Ce dossier est également publié dans le FRC.  

À quelle date doit-on apprécier la continuité de l'exploitation ?

À la date d’arrêté des comptes…

1. Conformément au Code de commerce, les états financiers doivent être établis sur une base de continuité d'exploitation (C. com. art. L 123-20), sauf si la direction a l'intention (ou n'a pas d'autre solution réaliste que) de liquider l'entité ou de cesser son activité.

C'est pourquoi, dans une récente mise à jour de sa note d’information NI.III sur la continuité d’exploitation de l’entreprise (« Continuité d’exploitation de l’entité : Prévention et traitement des difficultés - Alerte du commissaire aux comptes », version 3, janvier 2020, § 2.11 ; voir FRC 4/20 inf. 7), la CNCC rappelle que les entités ont une obligation implicite d’évaluer, lors de l'établissement des comptes, la capacité de l'entité à poursuivre son exploitation dans un avenir prévisible.

Ainsi, comme le précisait l’ancienne version de cette note d’information, la continuité d’exploitation s’apprécie lors de l'arrêté des comptes par les organes de direction de l'entreprise, en tenant compte de tous les éléments susceptibles d'affecter la poursuite de l'activité dans un avenir prévisible (ancienne rédaction de la Note d'information NI.III, version 2, juin 2012, § 2.21).

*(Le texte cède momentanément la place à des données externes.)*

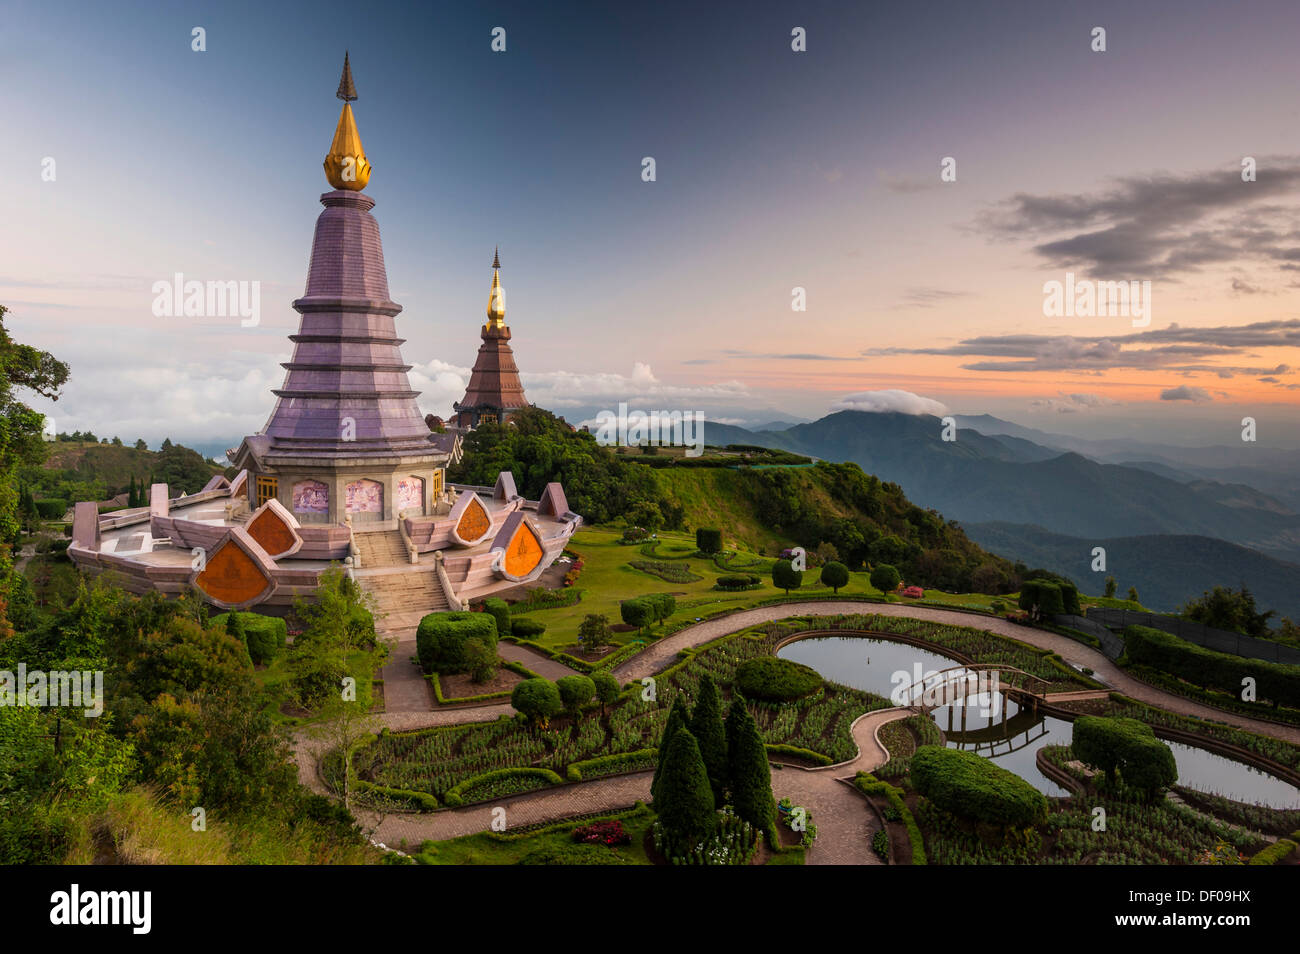 Phra Mahathat Naphamethinidon temple complex, Chedi of the Queen and Chedi of the King, Doi Inthanon National Park Stock Photo

… en tenant compte de tous les événements postérieurs à la clôture

2. Les événements postérieurs à la clôture sont donc pris en compte pour apprécier la continuité d’exploitation à la clôture.

Pour rappel, en l’absence de règle spécifique en cas de continuité d’exploitation définitivement compromise à la date d’arrêté des comptes, c’est le traitement défini par le PCG en cas de survenance d’un événement postérieurement à la clôture de l’exercice qui s’applique (voir MC n° 52310 s. ; confirmé par le communiqué du Collège de l’ANC du 2-4-2020 relatif aux conséquences du Covid-19 sur les comptes au 31 décembre 2019, § 3).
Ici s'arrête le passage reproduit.